Building in rural Uttar Pradesh is always a massive challenge. With its feudal backdrop where caste and politics share a powerful relationship, people’s issues and concerns become only buzz word that are whipped up by guileful politicians to drive the plebeians into frenzy come election season. The ground realities are completely different with deep socio-economic inequality, degradation of the traditional socio-cultural fabric, rising population and destitution, crime and violence borne out of religious intolerance, and a pathetic state infrastructure that provides negligent youth employment and retainment opportunities.
In this context, using an indigenous building material like sun dried mud brick (adobe) or kacchi inth to build a rural community centre for the organisation Anubhuti Seva Samiti has multiple effects. Apart from its obvious ecological benefits, its production requires the use of intensive labour to churn and mix mud and water together in huge quantities to be shaped into 9 by 4.5 by 3 inch sized bricks that are then dried under the sun. Adobe walls being 18 inch thick require huge amounts of mud bricks to be produced. By intelligently converting the problem of burgeoning population into an asset, one can easily engage the local village community and youth in the building process for a longer period of time without increasing overall costs of building. This also gives the community and equitable stake in the process.
The proliferation of cement concrete in our rural hinterland in connivance with industry and the state has sounded the death knell for the skill of the human hand. The loss of pride and dignity in one’s work and a lack of incentive to produce good workmanship are followed subsequently by loss of skill of the craftsman. At this moment, there are thousands of such indigenously refined knowledge and skills slowing dying a pain full death in different parts of the countryside.
Here in Uttar Pradesh, a rich legacy of building with arches and vaults due to a dearth of natural tensile elements is following the same fate. Care had to be taken and time spent on site working with local masons to relearn, imbibe and adopt basic principles of building with compressive masonry forces over spans and distances.

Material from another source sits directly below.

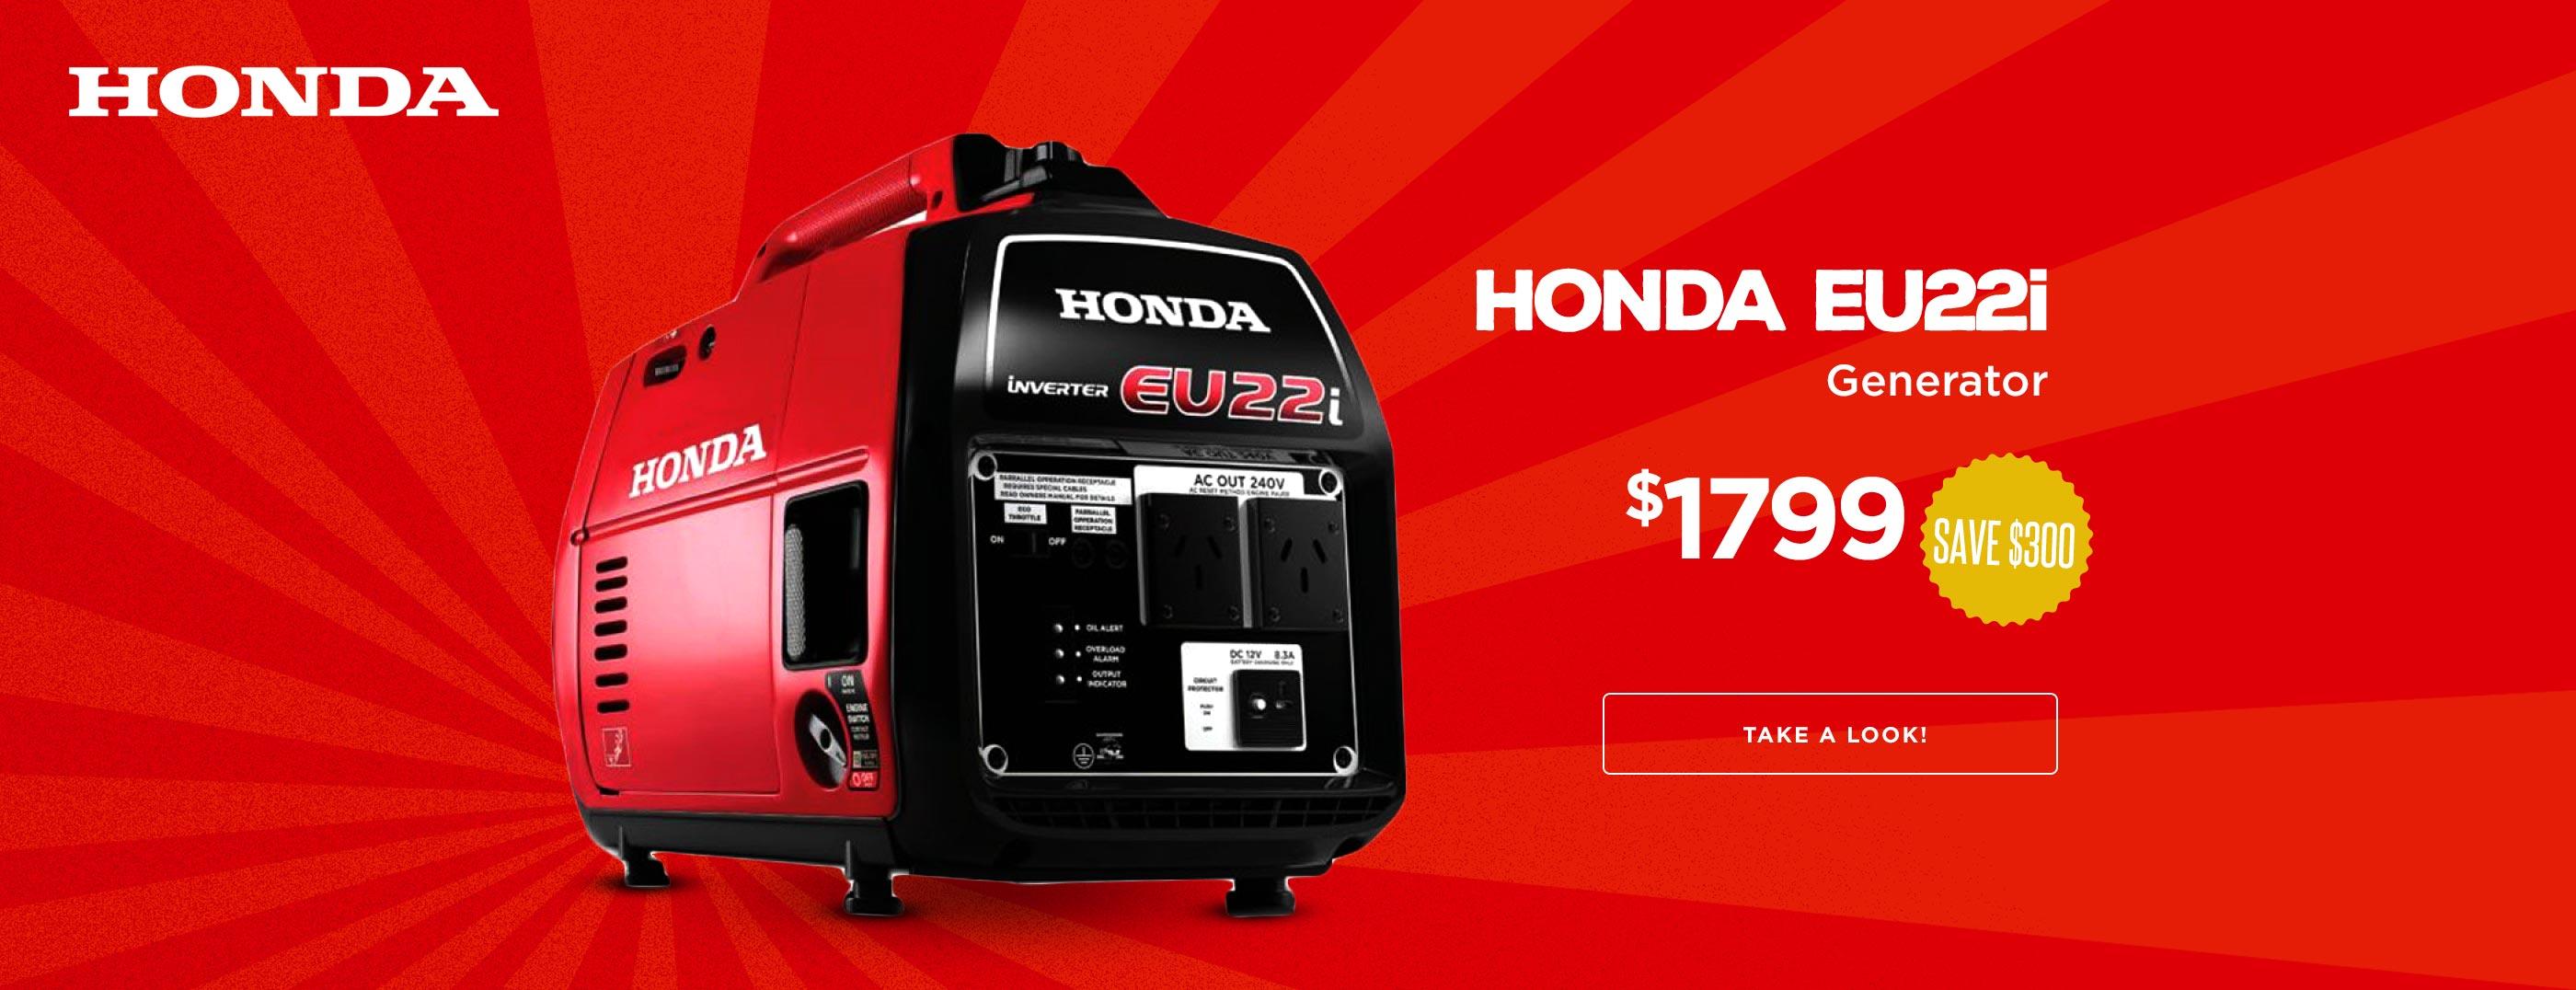 NEW Honda Eu22i Save $300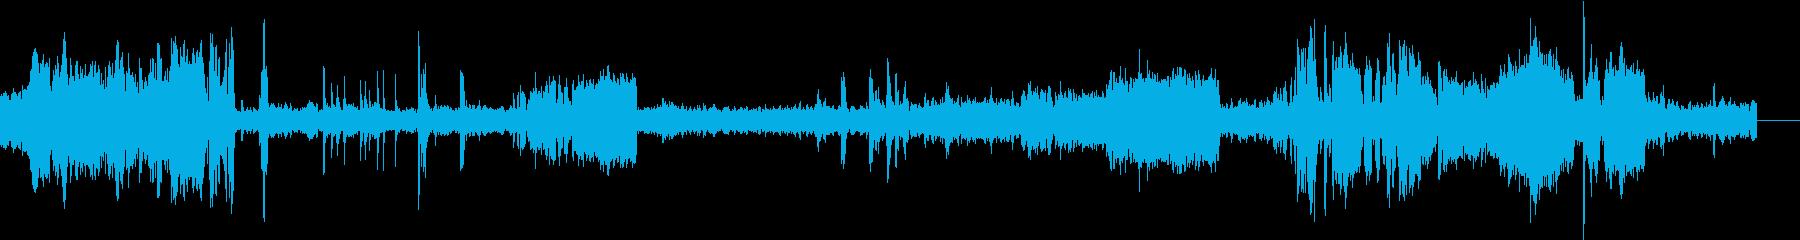 ディーゼル機関車ブレーキスクレープループの再生済みの波形

As compared to the now ubiquitous reinforced cement concrete (RCC); these masonry techniques help in simply redistributing resources spent on building elements from the material side to the labour side without increasing the overall economic cost of the building. Time is the only casualty here with the increase in man days required to produce excellent workmanship using brick and cement-lime mortar. In this way, an architect can easily ensure that the limited resource and funding available is justifiably spent on local masons and craftsmen as an incentive to produce better workmanship rather than it being siphoned away into the global economy through the procurement of subsidised cement bags and expensive steel in a resource scarce India.
The gains for the local village economy are easy to notice as small changes here have amplified impacts in terms of education, health and better basic amenities. Moreover this helps in preventing the shepherding of labour, like cattle in overcrowded tractors from one RCC building site to the other at the mercy of fly by night upper caste building contractors or thekedaar. The decrease in scare fossil fuel energy use and carbon emissions is one of the other important benefits of using these techniques.
An example of the above can be seen in the use of masonry 9 inch thick brick arches to span lengths up to 7.5 feet long. Brick work is left un-plastered to emphasise on the need for better workmanship on behalf of the skilled masons and to decrease the conventional use of economically and ecologically expensive cement plaster to cover poor and shoddy brick work. In this way the economic cost of cement plaster is transferred directly to the masons who now have a stake in the building process to use their skills to produce fine brick work in which each individual brick will weather differently over time to produce a unique and pleasing aesthetic. The process delivers the product and not the other way around.
Similarly the use of a 12-foot span brick masonry vault to carry built-up stair treads above and nine-foot span Nubian vaults to roof spans and spaces without the use of expensive formwork for the latter act as a catalyst to gently shift the balance from market material to local labour thereby producing fantastic results both socio-economically and aesthetically.
Lastly, after carefully studying and identifying local crafts of the region, the skills of the local village potter, or kumhaar, and local baan craftsmen who produce khats and khatiyas have been incorporated into the built environment. Clay pots or kulhads are used as filler material for RCC filler slabs to decrease the dead weight of cement concrete and baan, a local hemp that grows in waterbeds and harvested in the months of May, is used to produce indoor screens and lattices. Both craftsmen are socio-economically invested in the building process, the intangible benefits of which will bear fruit over a period of time through the goodwill of the local indigenous community.
Siddharth Menon is an independent travelling architect who builds in different parts of rural India using local materials like mud and bamboo, traditional building techniques and indigenous craftsmen.